# Given entries
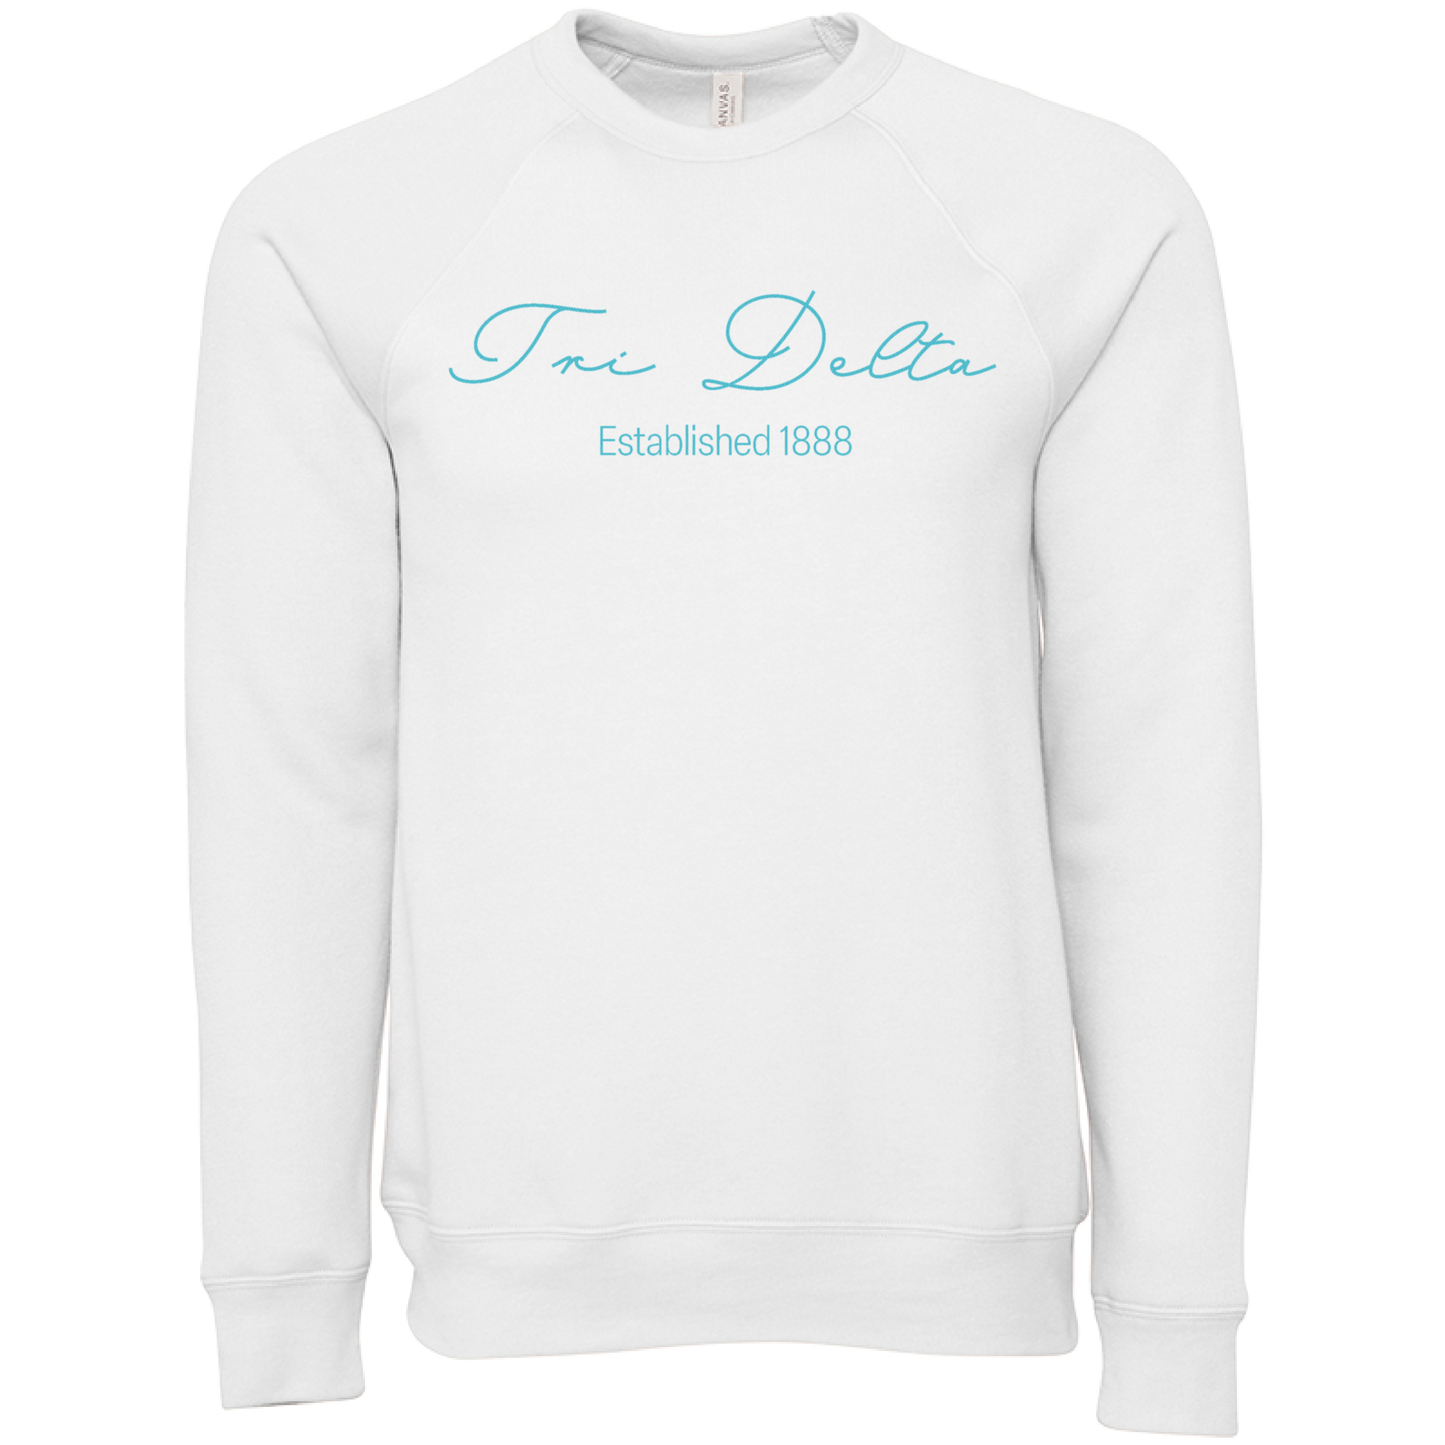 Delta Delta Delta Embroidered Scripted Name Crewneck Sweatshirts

...

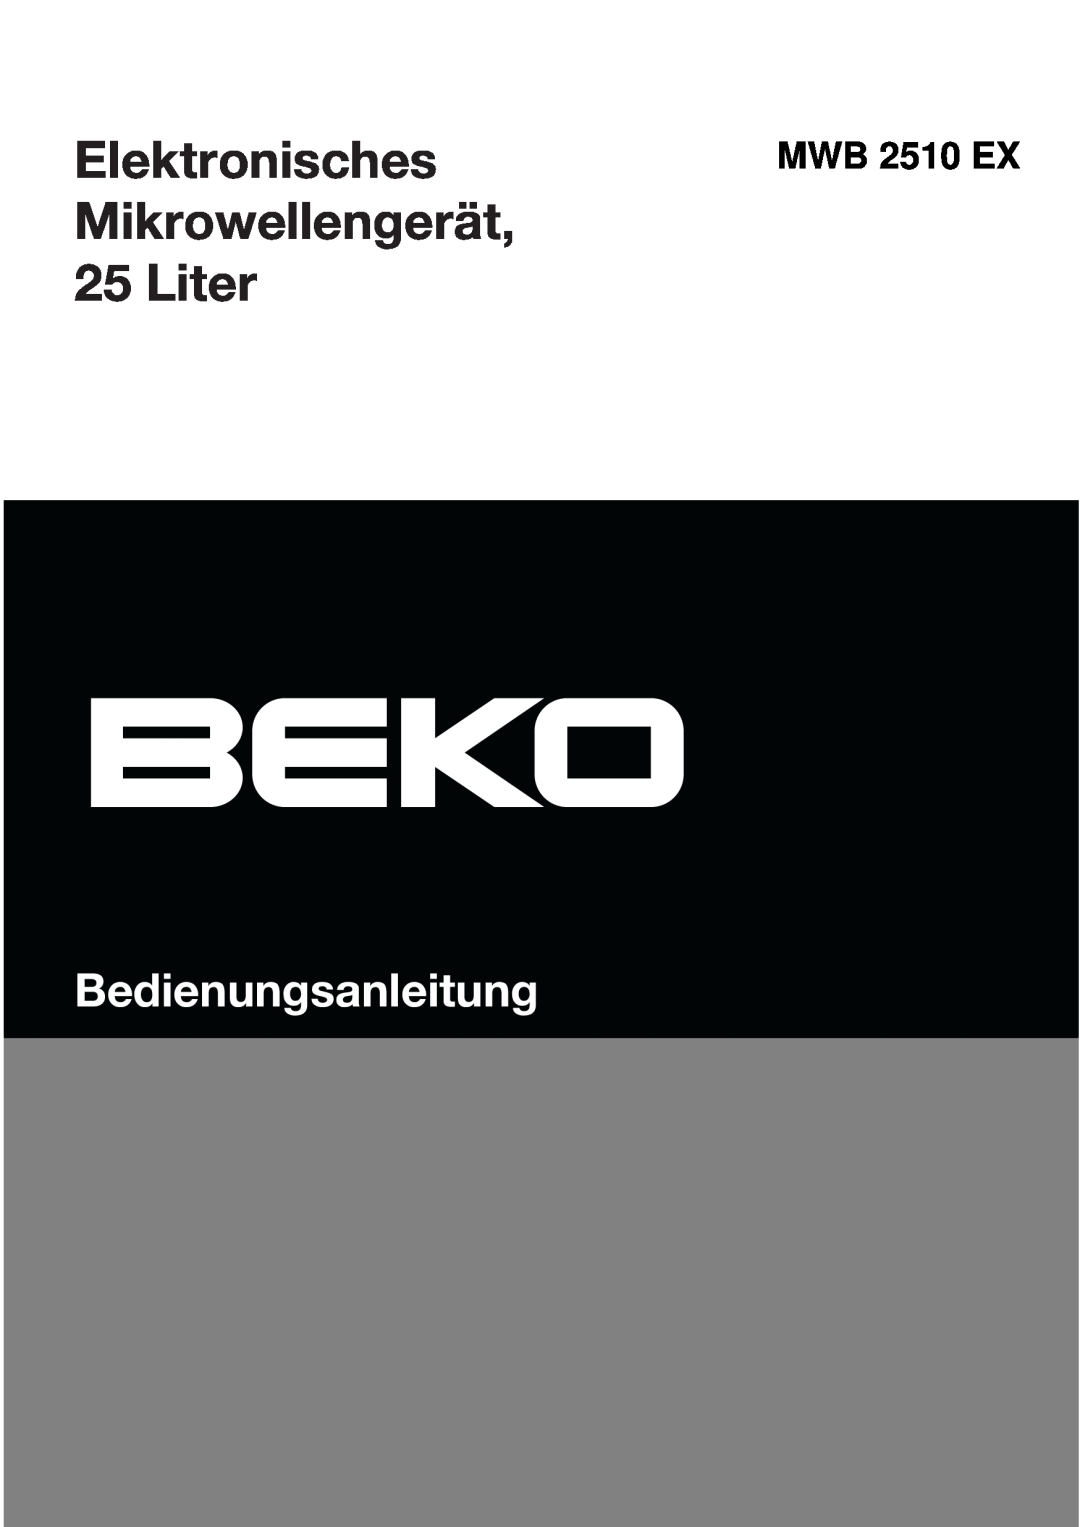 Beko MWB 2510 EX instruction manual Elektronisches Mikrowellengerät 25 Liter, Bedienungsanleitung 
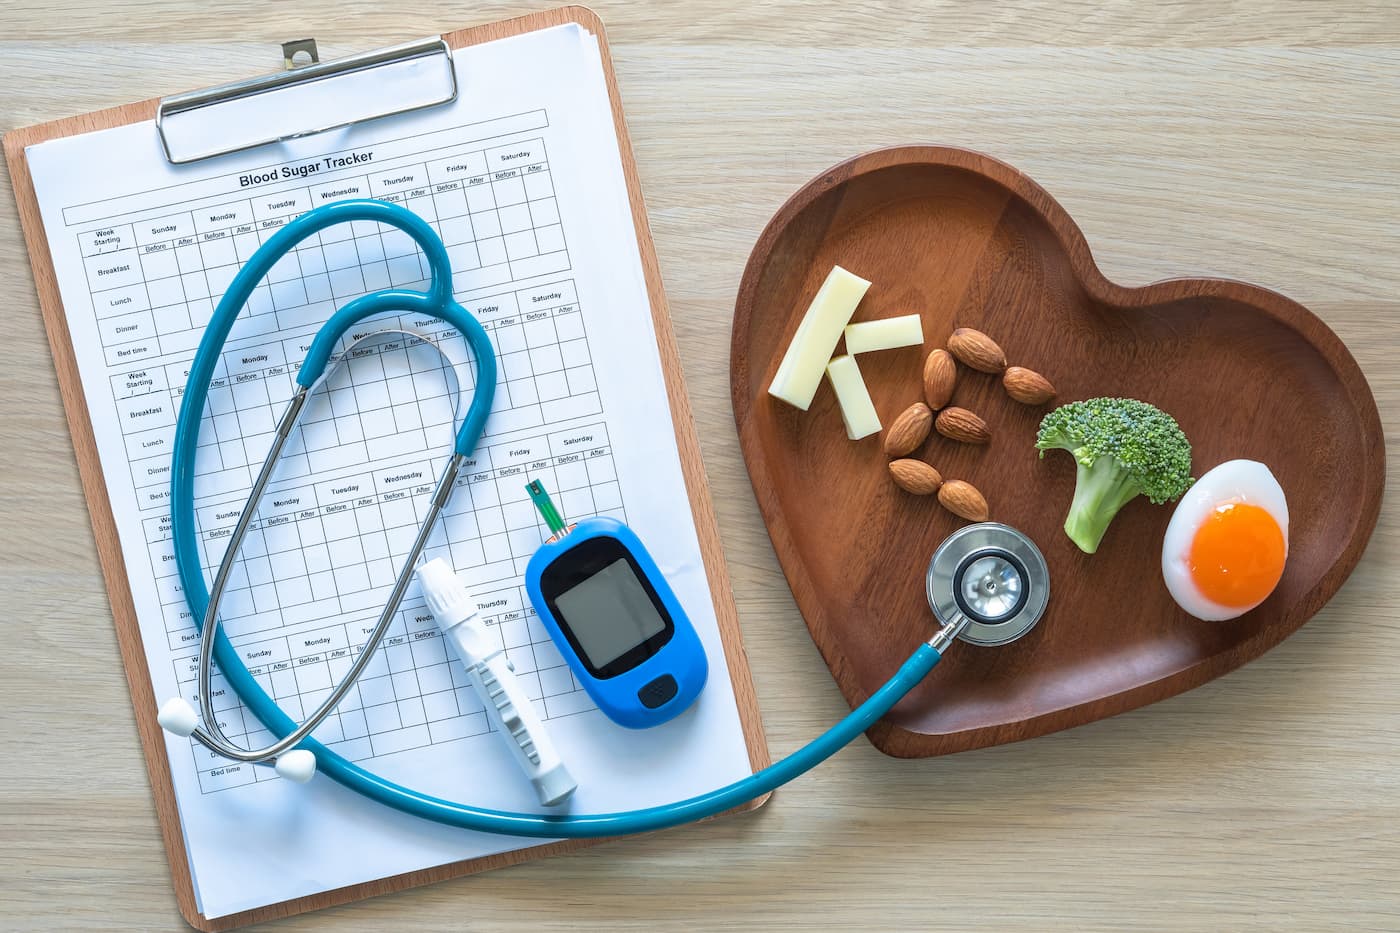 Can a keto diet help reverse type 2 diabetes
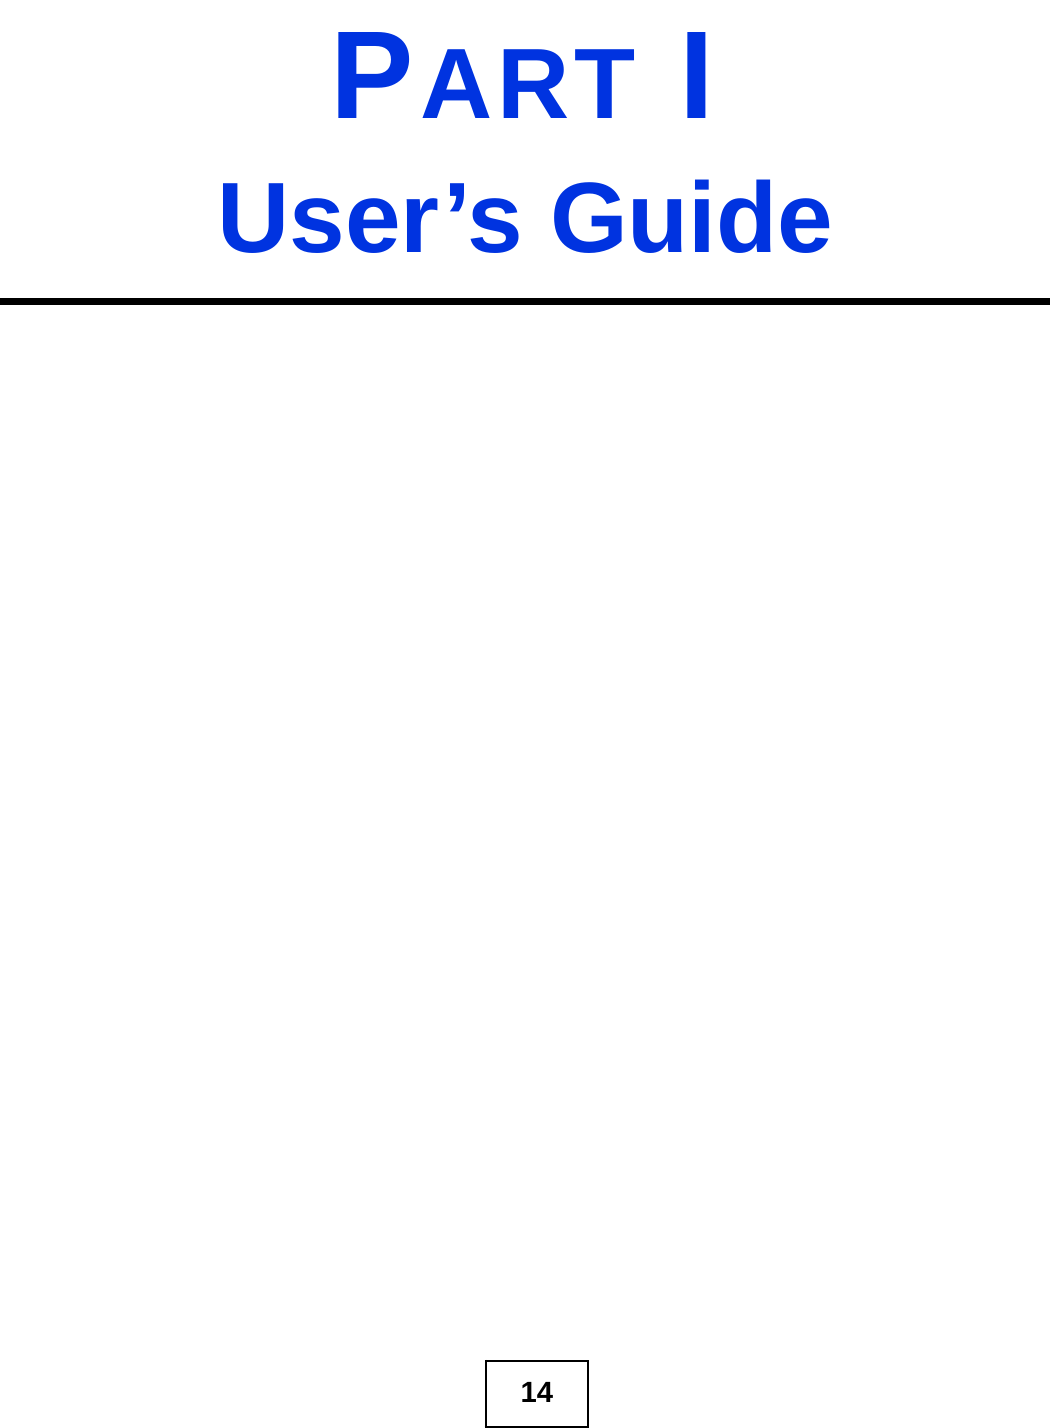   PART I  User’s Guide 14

--

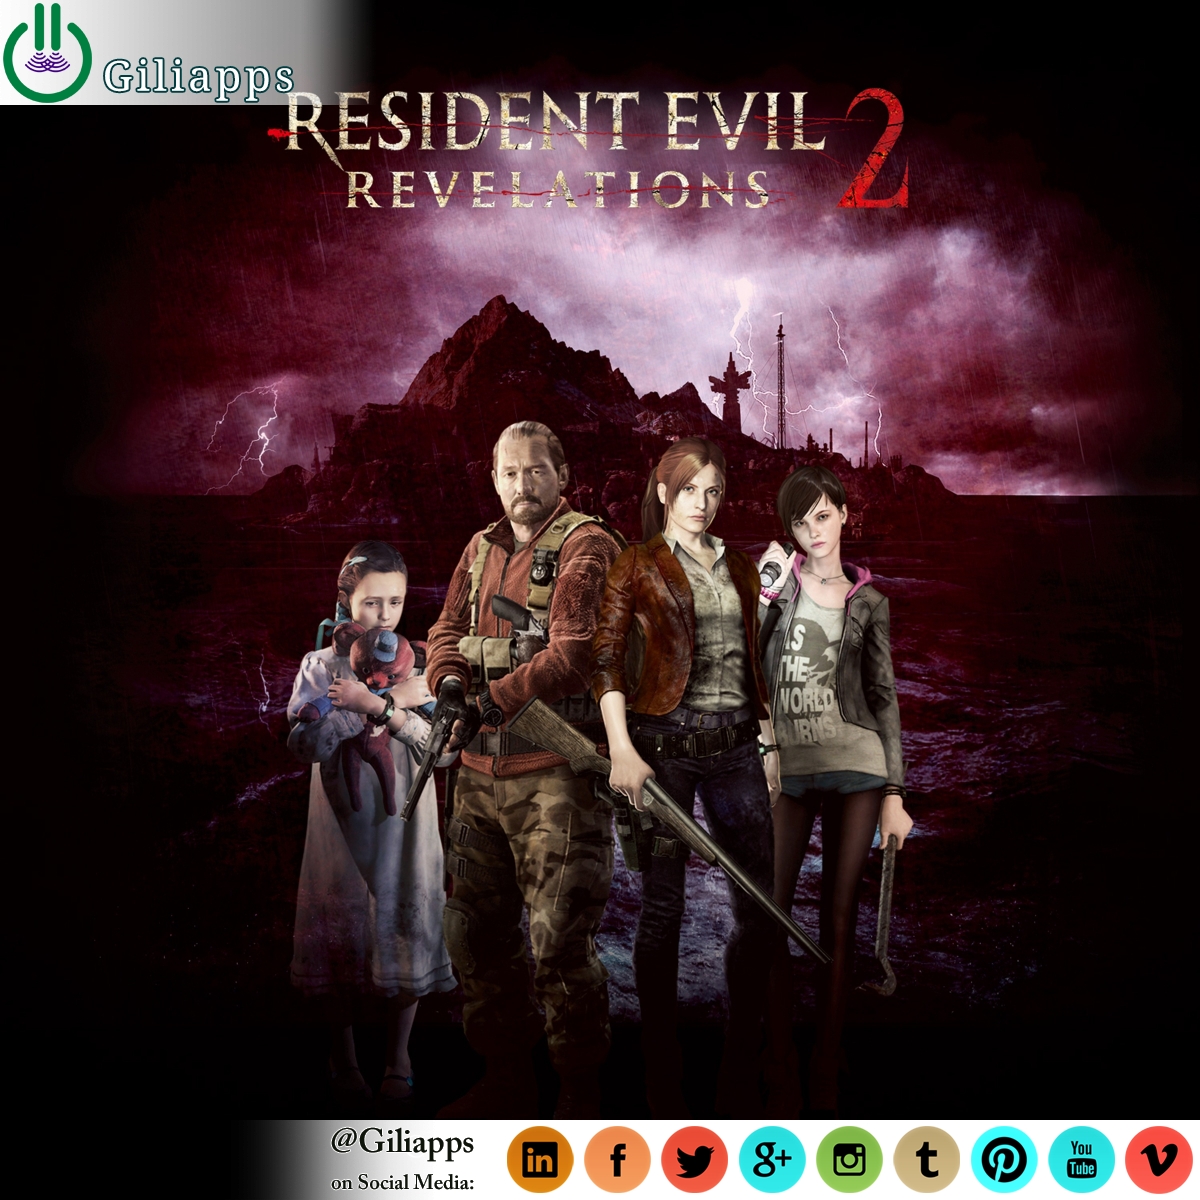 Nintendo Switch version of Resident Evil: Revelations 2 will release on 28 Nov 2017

# Problem to work on
Using the data above, transcribe exactly the lines between those containing "Can a keto diet help reverse type 2 diabetes" and "User’s Guide 14", inclusive, and leave every picture behind.

# Result
 Can a keto diet help reverse type 2 diabetes
   PART I  User’s Guide 14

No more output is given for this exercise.